All patients were assigned a score using the IPI for diffuse large-cell lymphoma (DLCL) [12]. We grouped patients by IPI score into group 1 including those with scores 0–1; group 2, scores 2–3 and group 3, scores 4–5. The Eastern Cooperative Oncology Group scale was used to assess performance status.
Patients were treated according to diagnosis-, era- and age-specific treatment guidelines that included chemotherapy, irradiation or a combination of both. For meaningful comparison, we divided chemotherapy regimens into combination chemotherapy with cyclophosphamide, doxorubicin, vincristine and prednisone (CHOP)-like chemotherapy and other chemotherapy. CHOP-like chemotherapy included all regimens with at least standard doses of doxorubicin, cyclophosphamide, vincristine and prednisone administered in 2- or 3-week cycles [13, 14]. After March 2001, all patients with advanced-stage DLBCL received rituximab in addition to standard CHOP chemotherapy (CHOPR) [15, 16]. CHOPR was not used for limited-stage DLBCL until January 2005. Patients received planned irradiation based on their clinical stage. Limited-stage patients received brief chemotherapy and planned irradiation. In addition, radiotherapy was also administered if spinal cord compression was present at diagnosis. Finally, if residual disease was still present, radiation was electively recommended at the discretion of the treating oncologist.

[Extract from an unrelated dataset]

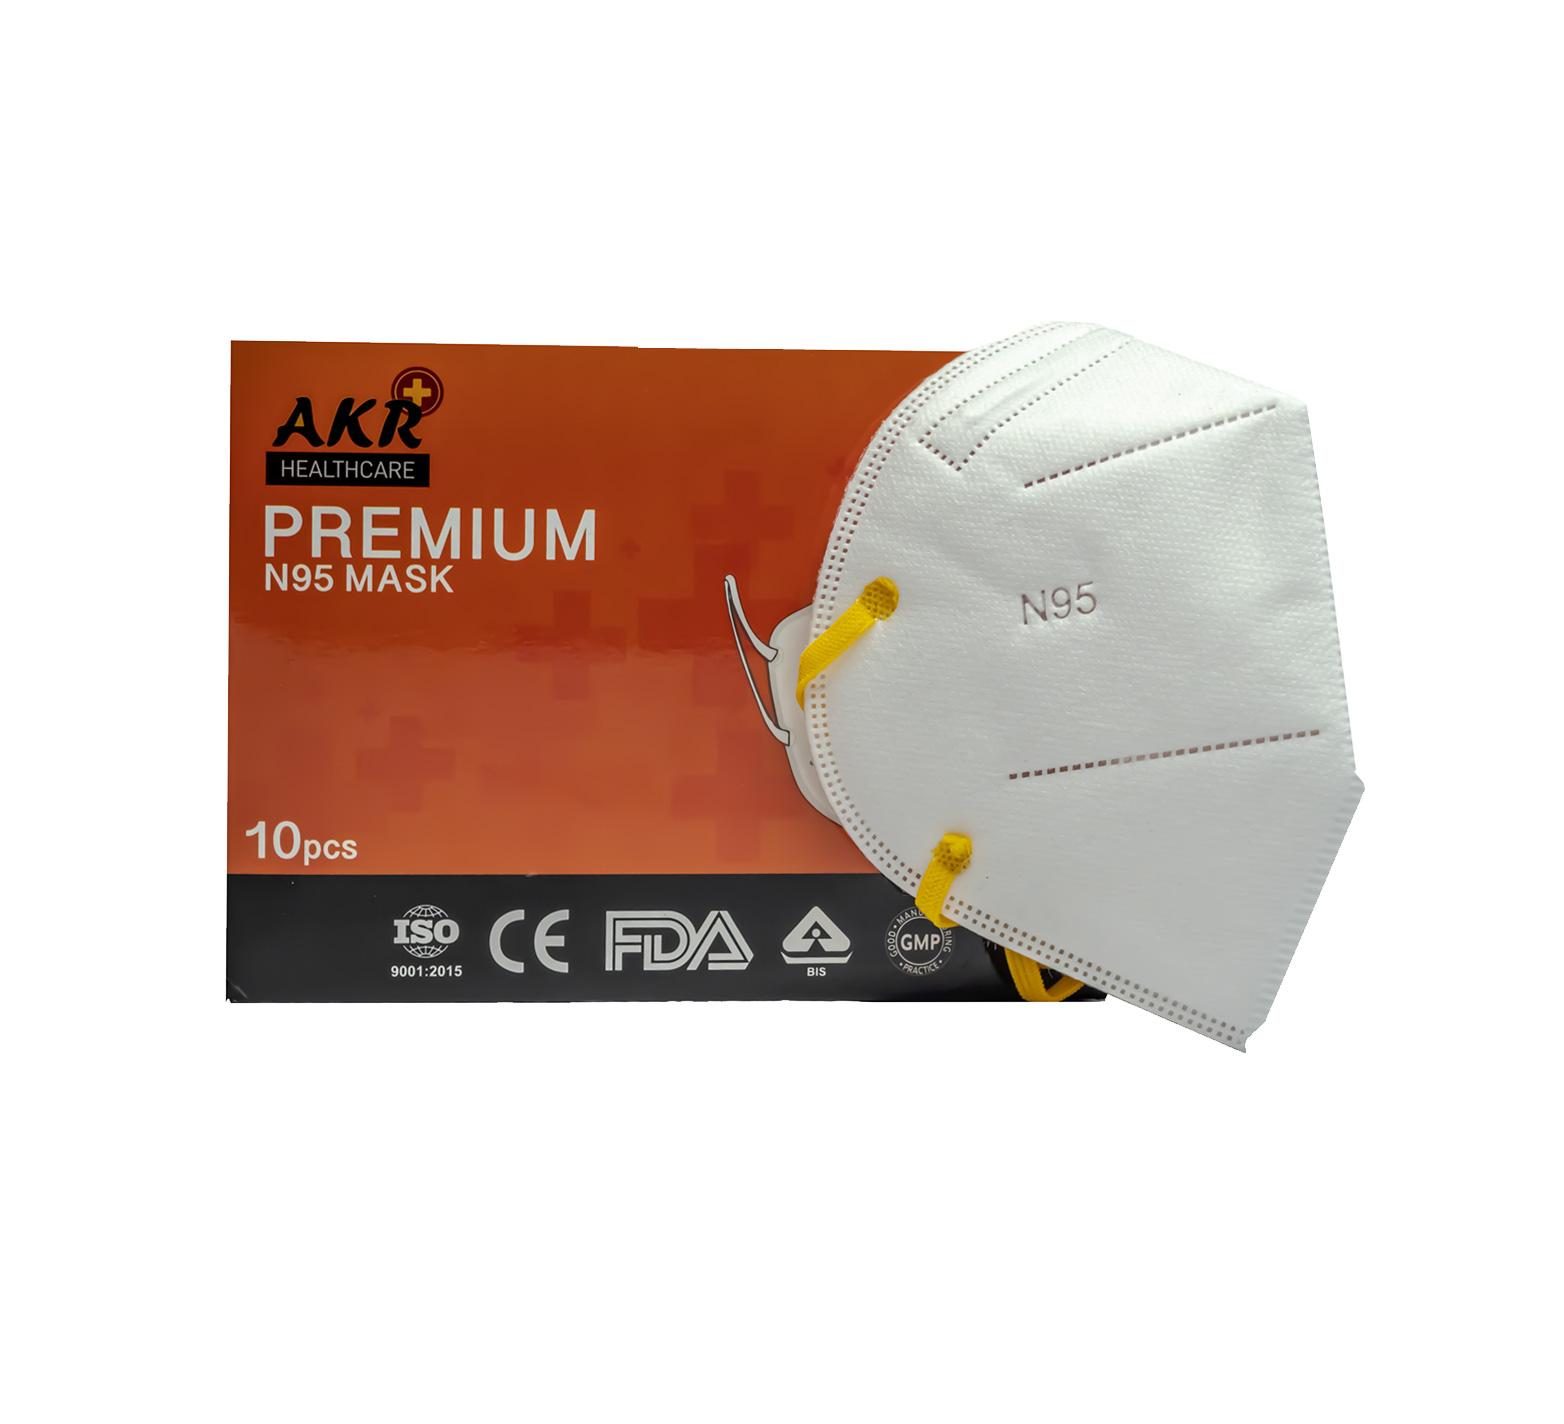 Premium N95 Mask
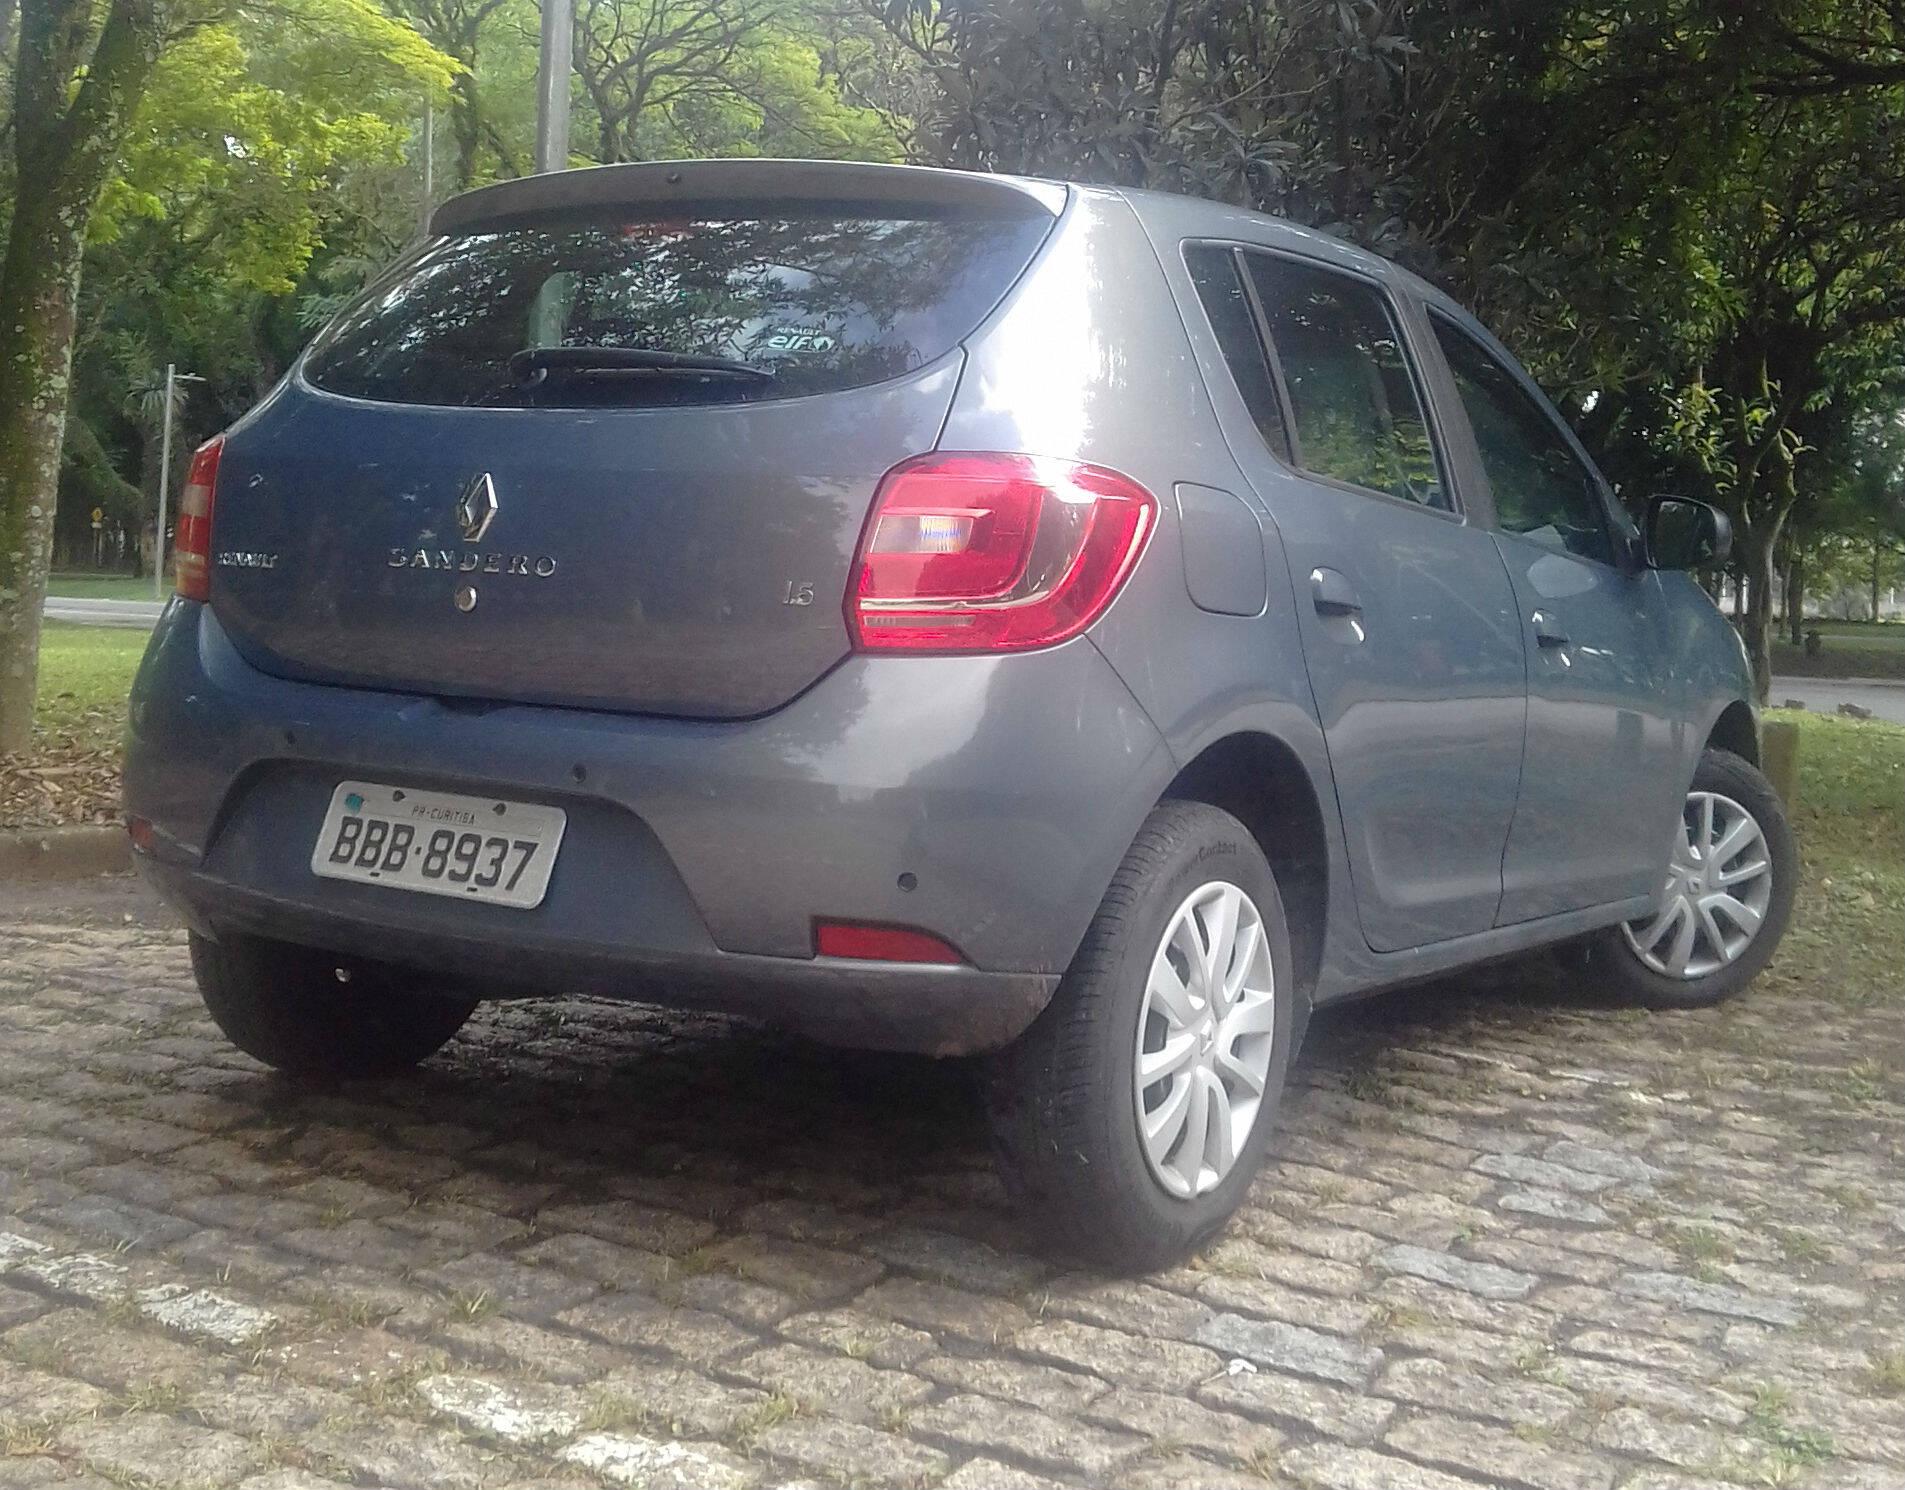 Renault Sandero. Foto: Carlos Guimarães/iG

Response to treatment was recorded as complete (CR) if there was elimination of all initial lymphoma-related abnormalities. Persistent radiological abnormalities in the bone were common after treatment completion due to the slow remodeling process. Such persistent abnormalities were disregarded for purposes of assigning response status. Partial response (PR) required >50% reduction of all measurable components of the tumor. No response was assigned if there was no change in measurable non-osseous lesions and progressive disease if there was at least a 25% increase in size of any lymphomatous mass or the appearance of lymphoma at a new site.
statistical methods
OS was calculated from the date of diagnosis to the date of last follow-up or death from any cause. Progression-free survival (PFS) was calculated from the date of diagnosis to the date of documented disease progression or death from treatment toxicity. Disease-specific survival (DSS) was calculated from the date of diagnosis to the date of death due to lymphoma or its treatment. Patients alive without evidence of disease were censored on the date of their last follow-up and patients who died due to other causes unrelated to lymphoma were censored at the time of death. Survival curves were constructed according to the method of Kaplan and Meier [17] and compared using the log-rank test. Differences were considered significant if the P value was 
0.05 (two tailed). Multivariate analysis using Cox regression was used to determine the prognostic significance of the following factors: stage, stage group, B symptoms, spinal cord compression, LDH level, IPI score, IPI group, addition of rituximab or irradiation to standard chemotherapy. All survival analyses were performed using the SPSS software for Windows, version 11.0.1.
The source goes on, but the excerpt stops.